Collaborative Filtering and the Rise of Ensembles
igrigorik writes "First the Netflix challenge was won with the help of ensemble techniques, and now the GitHub challenge is over, and more than half of the top entries are also based on ensembles. Good knowledge of statistics, psychology and algorithms is still crucial, but the ensemble technique alone has the potential to make the collaborative filtering space a lot more, well, collaborative! Here's a look at the basic theory behind ensembles, how they shaped the results of the GitHub challenge, and how this pattern can be used in the future."
So can ensembles be used to create more sophisticated forms of direct democracy? That is, where everyone has input into decision-making, but where that input is vastly more complex than simple majority rule by the mob?
FWIW, this is called open source governance.
Of course having a group of people working together is a strength. If you are having a bad day or just feel like slacking off some one else is there to pick up the slack and keep the project moving. See also Division of labour http://en.wikipedia.org/wiki/Division_of_labour
There's a lot of argument over why ensemble techniques work well in general, when using them on well-posed statistical problems. But in the collaborative filtering case, they work well at least in part because there's not a canonical way of posing the problem statistically that's also tractable--- there are instead multiple ways to view the problem, which expose different information. Aggregating those views is a pretty straightforward way of getting more information.
For example, you can see the Netflix prize as a few different standard statistical problems. As a per-movie regression, predicting what Person A will rate Movie B, given ratings vector of Person A and the ratings vectors of everyone who's already rated Movie B [the per-person ratings vectors excluding B are the X's, and the ratings on B are the Y's]. Or you slice the movie-ratings matrix the other way, with per-movie ratings vectors as the X's. Add in some other views (those are the two most straightforward), aggregate all the info you get from them, and you do better than any one approach alone.

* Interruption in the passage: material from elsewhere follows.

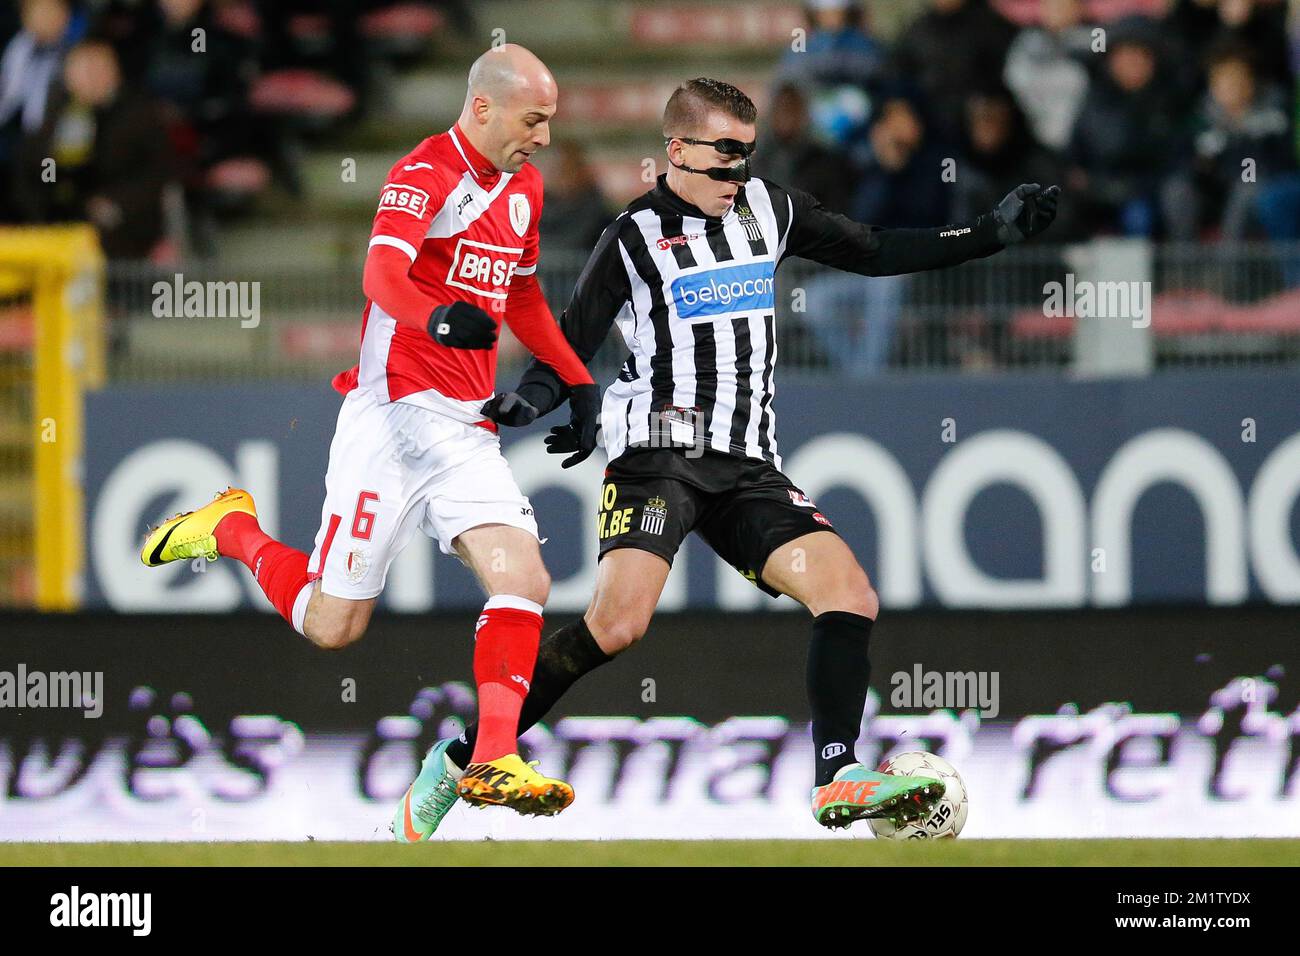 20140215 - CHARLEROI, BELGIUM: Standard's Laurent Ciman and Charleroi's Clement Tainmont fight for the ball during the Jupiler Pro League match between Sporting Charleroi and Standard de Liege, in Charleroi, Saturday 15 February 2014, on day 26 of the Belgian soccer championship. BELGA PHOTO BRUNO FAHY Stock Photo

10 PRINT CHR$(205.5+RND(1)); : GOTO 10
One of the difficulties of ensemble development is weighting the logic that is being develeped. For instance, one of the problems we deal with at my job is matching incoming text to it's cleaned value. We have a list of approved words ['happy', 'sad', 'angry', 'sleepy'], and a text input of 'hap'. We need to determine which valid word 'hap' should match. Some rules I can think of for properly matching are:
:D
1.)Length of input compared to cleaned word.
2.)Number of nonpositional letter matches.
3.)Number of positional letter matches.
Depending on how rules are weighted determines what the answer will be (either sad or happy). I know at my job this weighting process requires very careful politicking.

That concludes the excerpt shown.